» RECORDS TO USE:
□ □ □

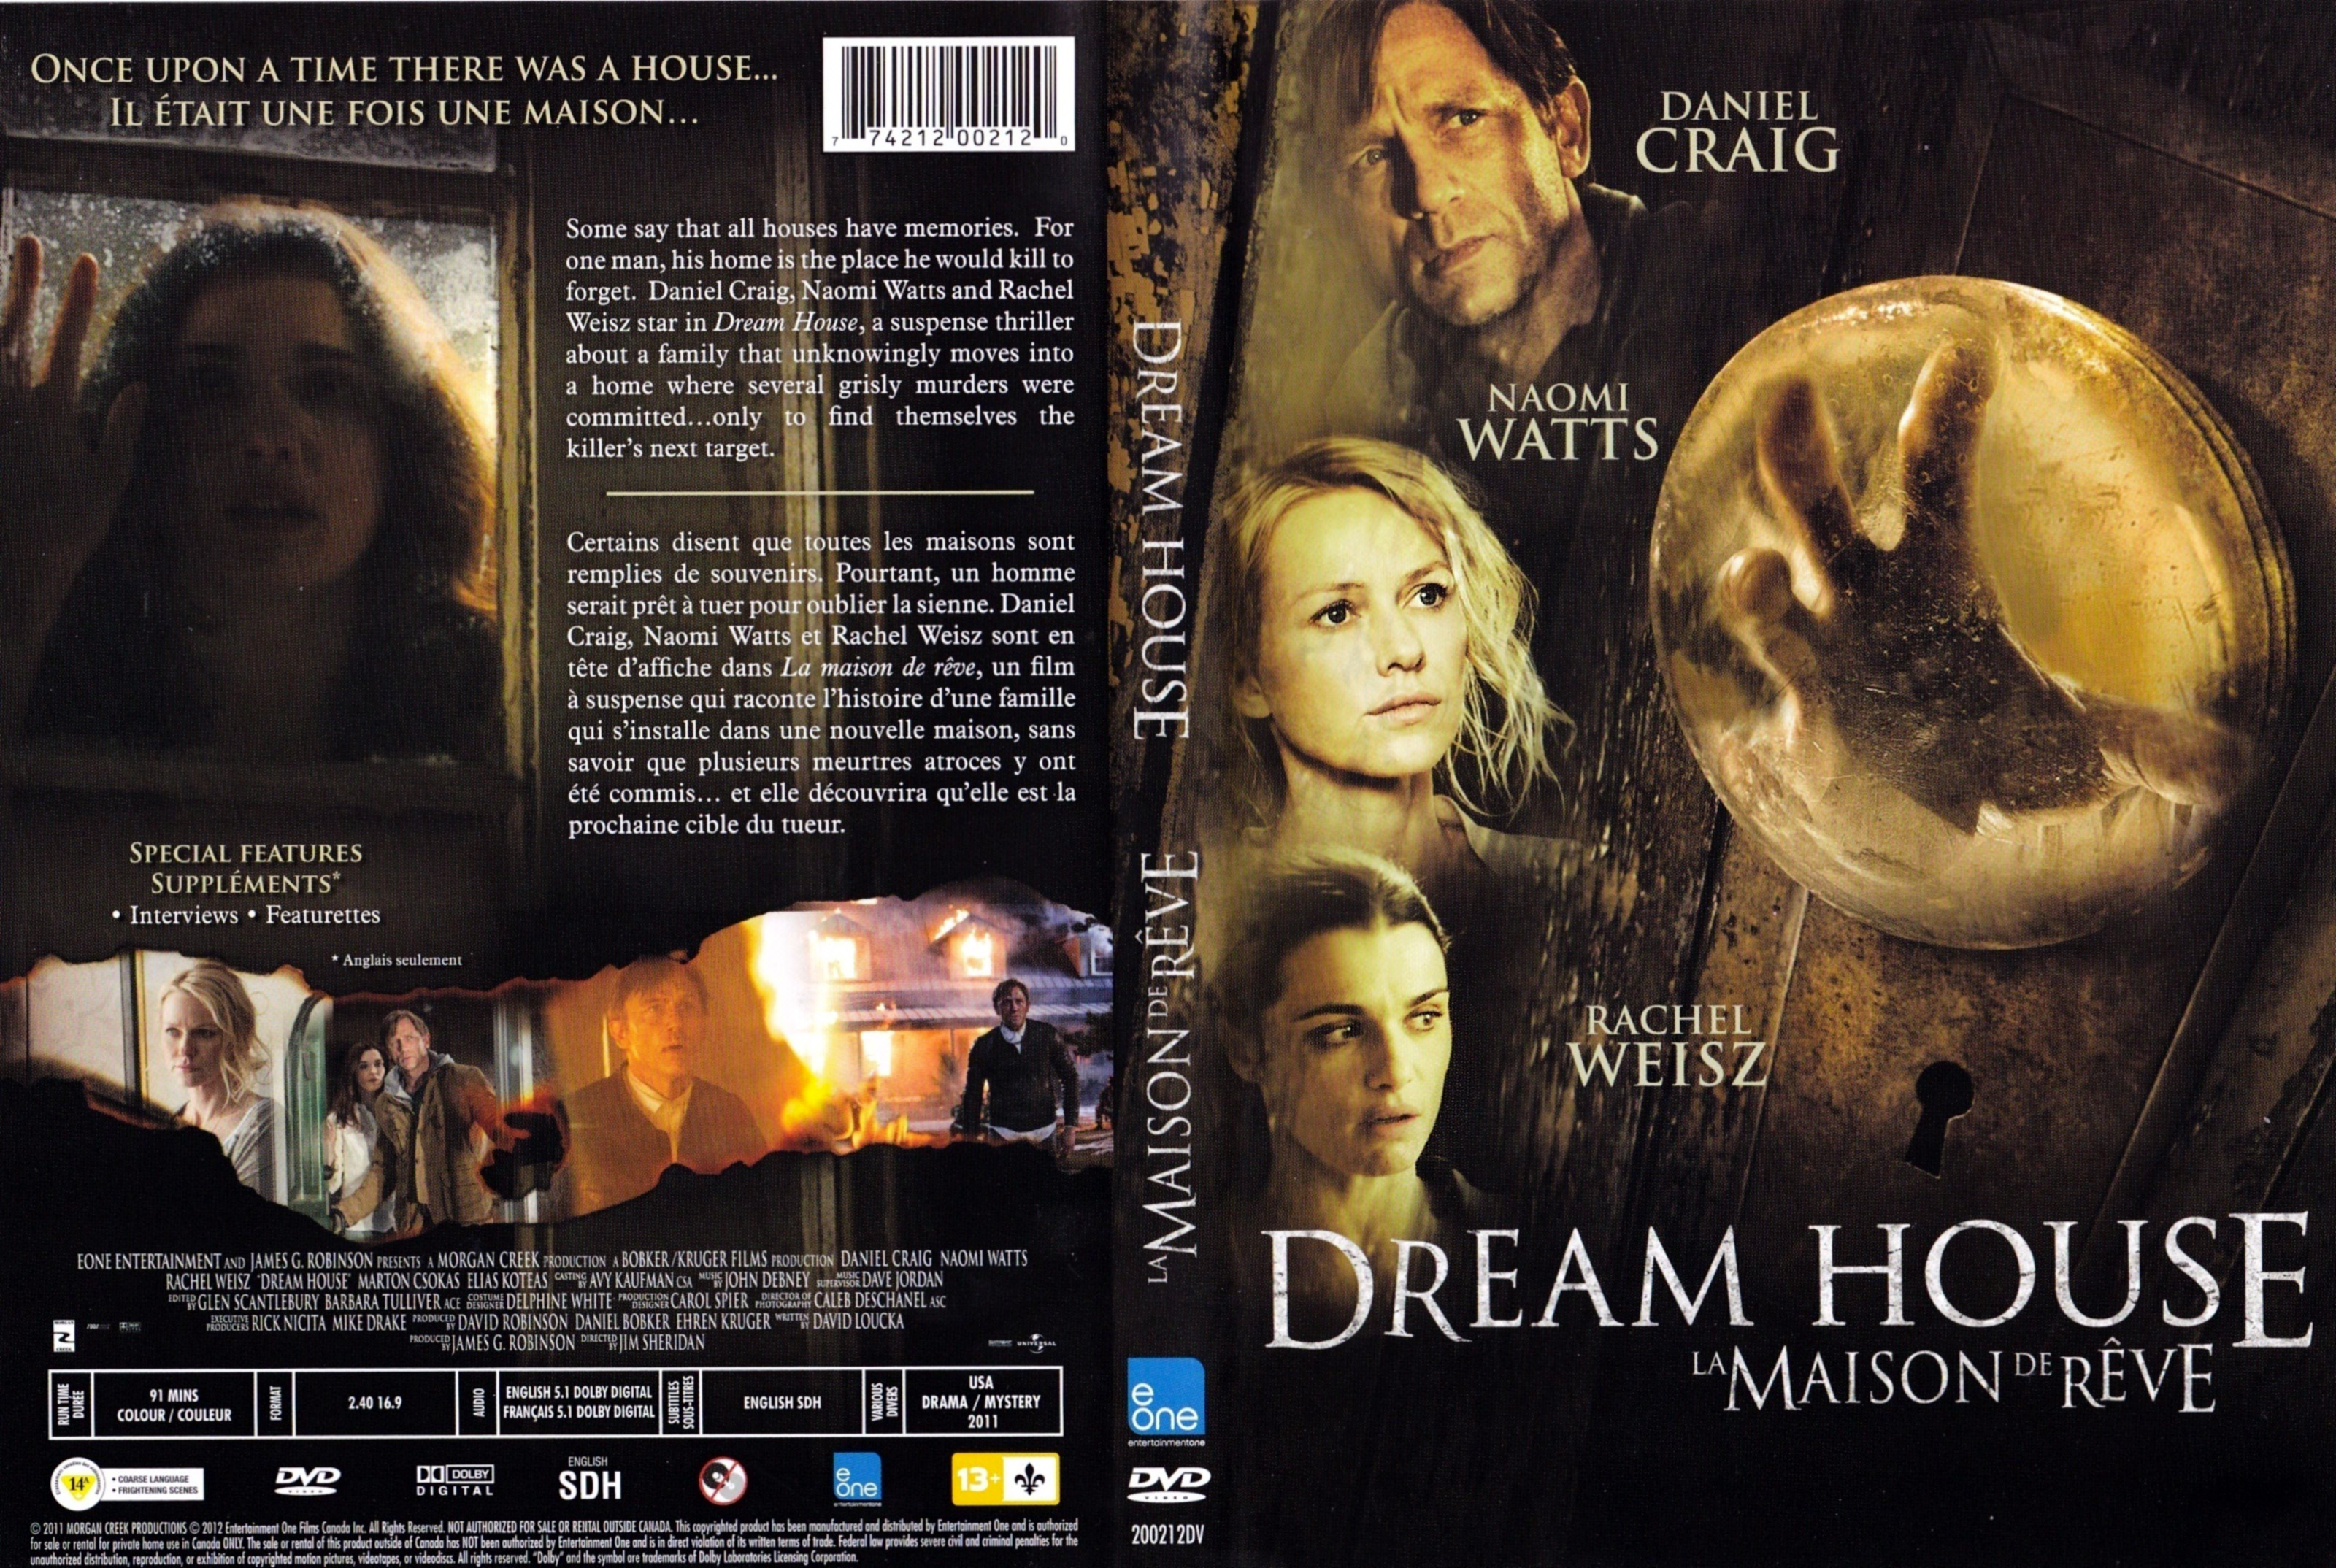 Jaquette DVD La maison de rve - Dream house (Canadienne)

□ □ □

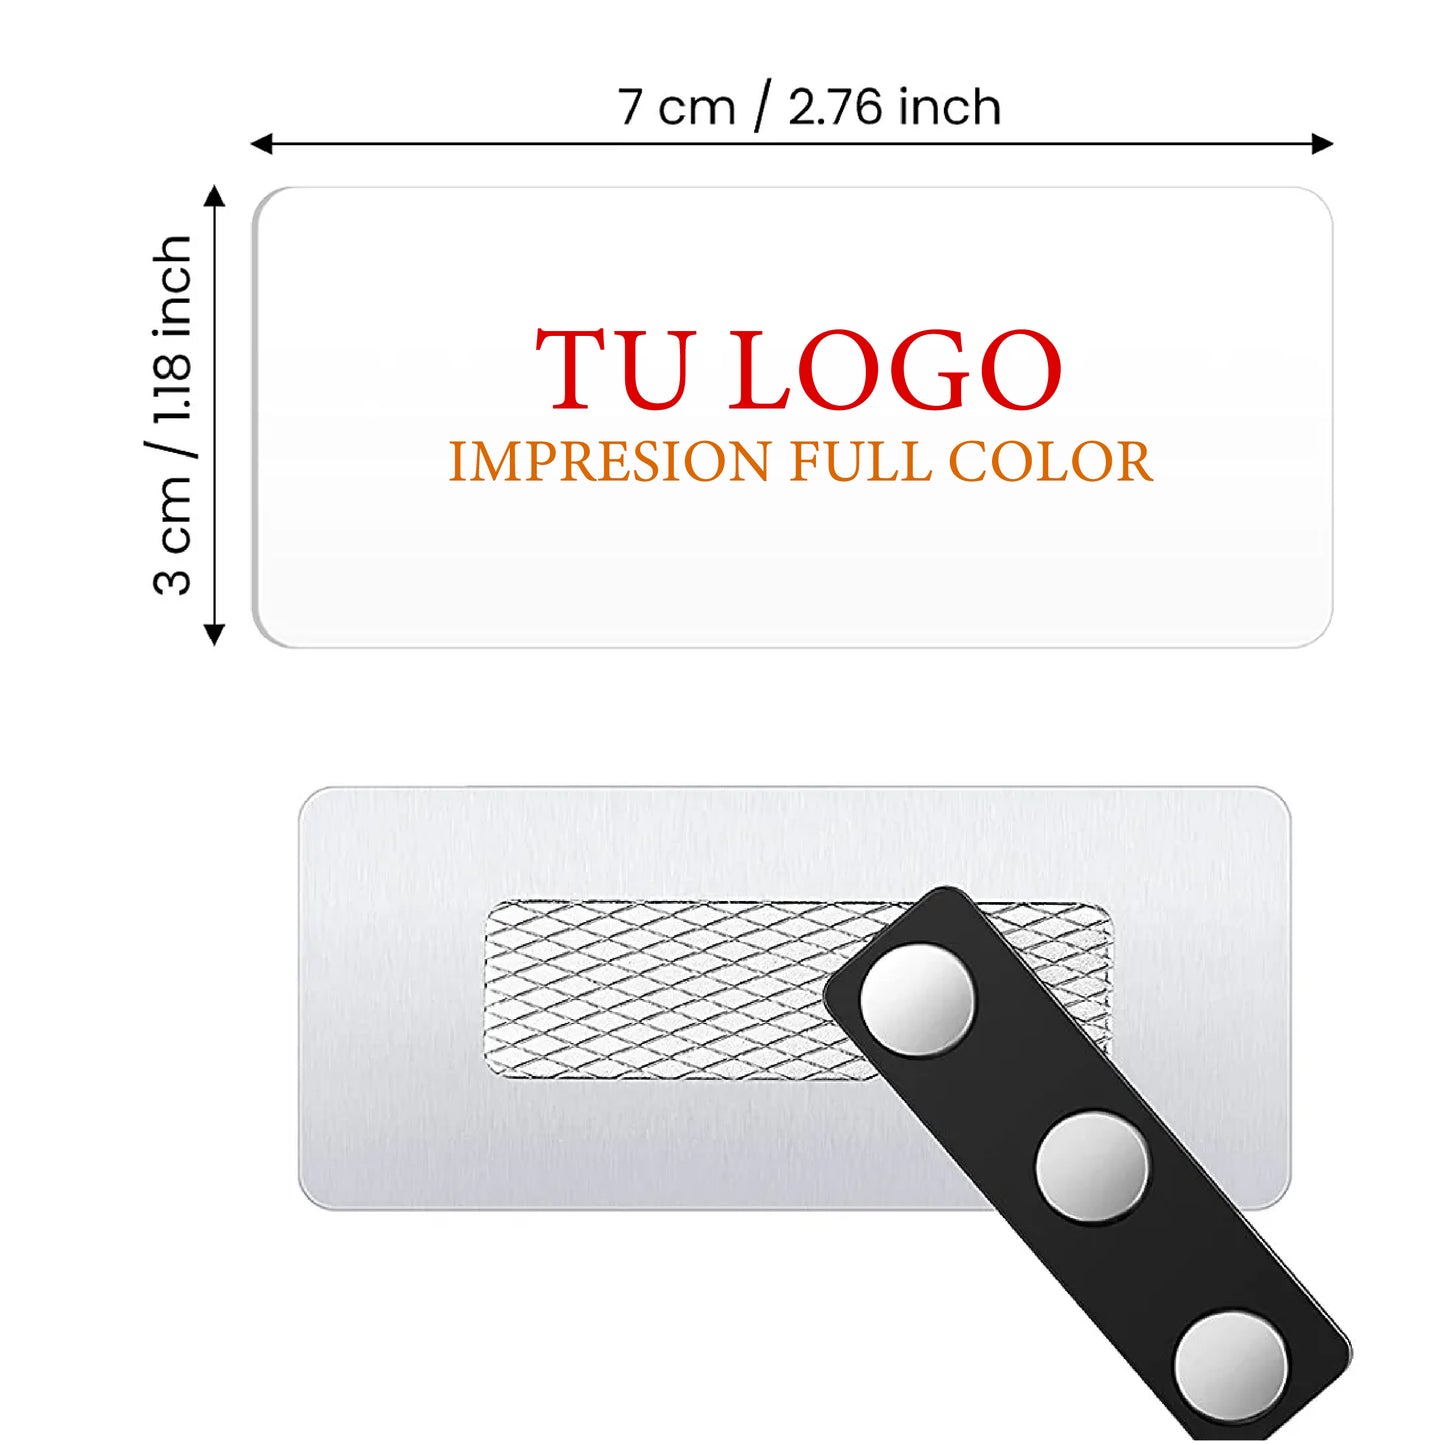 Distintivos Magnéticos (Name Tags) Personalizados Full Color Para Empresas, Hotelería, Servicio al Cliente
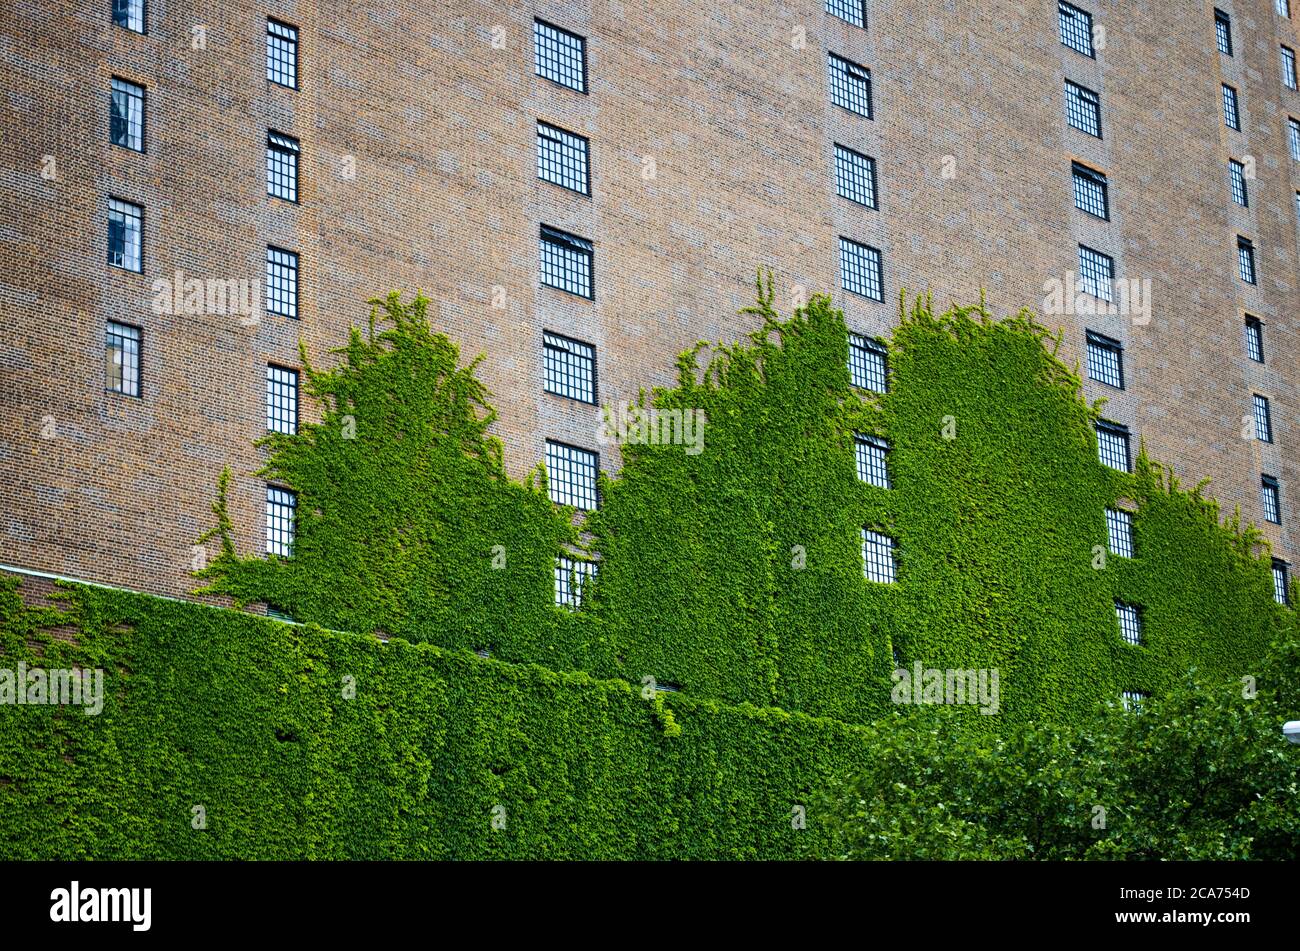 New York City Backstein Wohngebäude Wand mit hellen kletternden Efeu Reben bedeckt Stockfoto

□ □ □

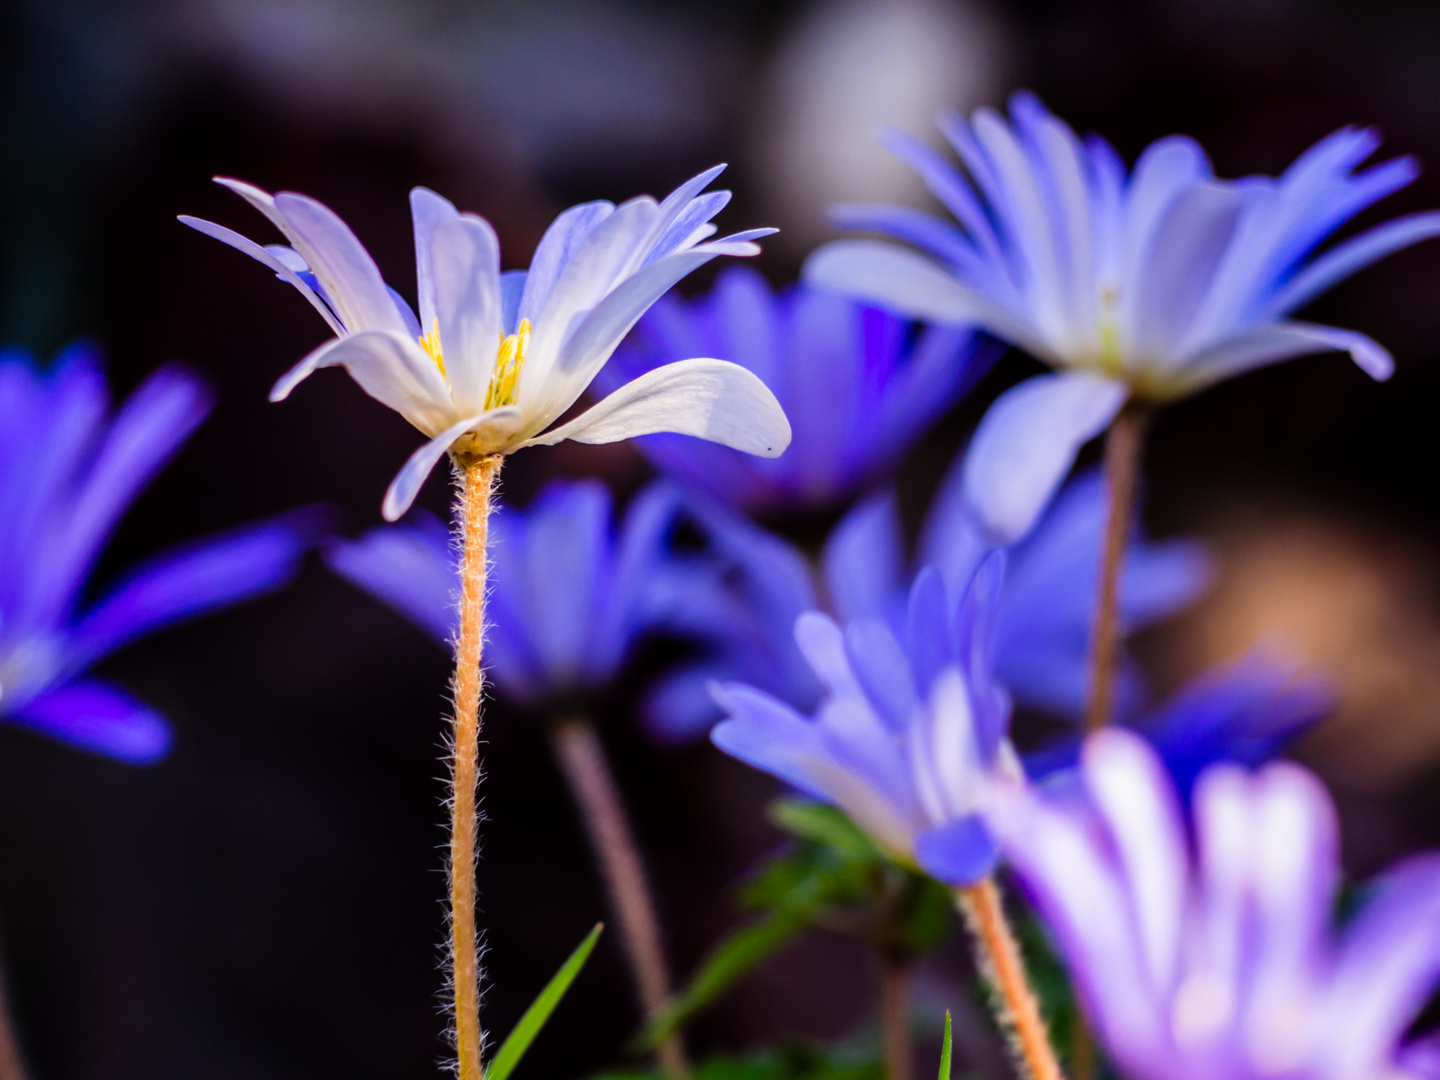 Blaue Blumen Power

□ □ □

» TASK ITEM: Set down word for word the lines above from the one with "Distintivos Magnéticos (Name" up to and including the one with "New York City". Omit every picture.

» RESULT OF THIS TASK:
 Distintivos Magnéticos (Name Tags) Personalizados Full Color Para Empresas, Hotelería, Servicio al Cliente
 New York City Backstein Wohngebäude Wand mit hellen kletternden Efeu Reben bedeckt Stockfoto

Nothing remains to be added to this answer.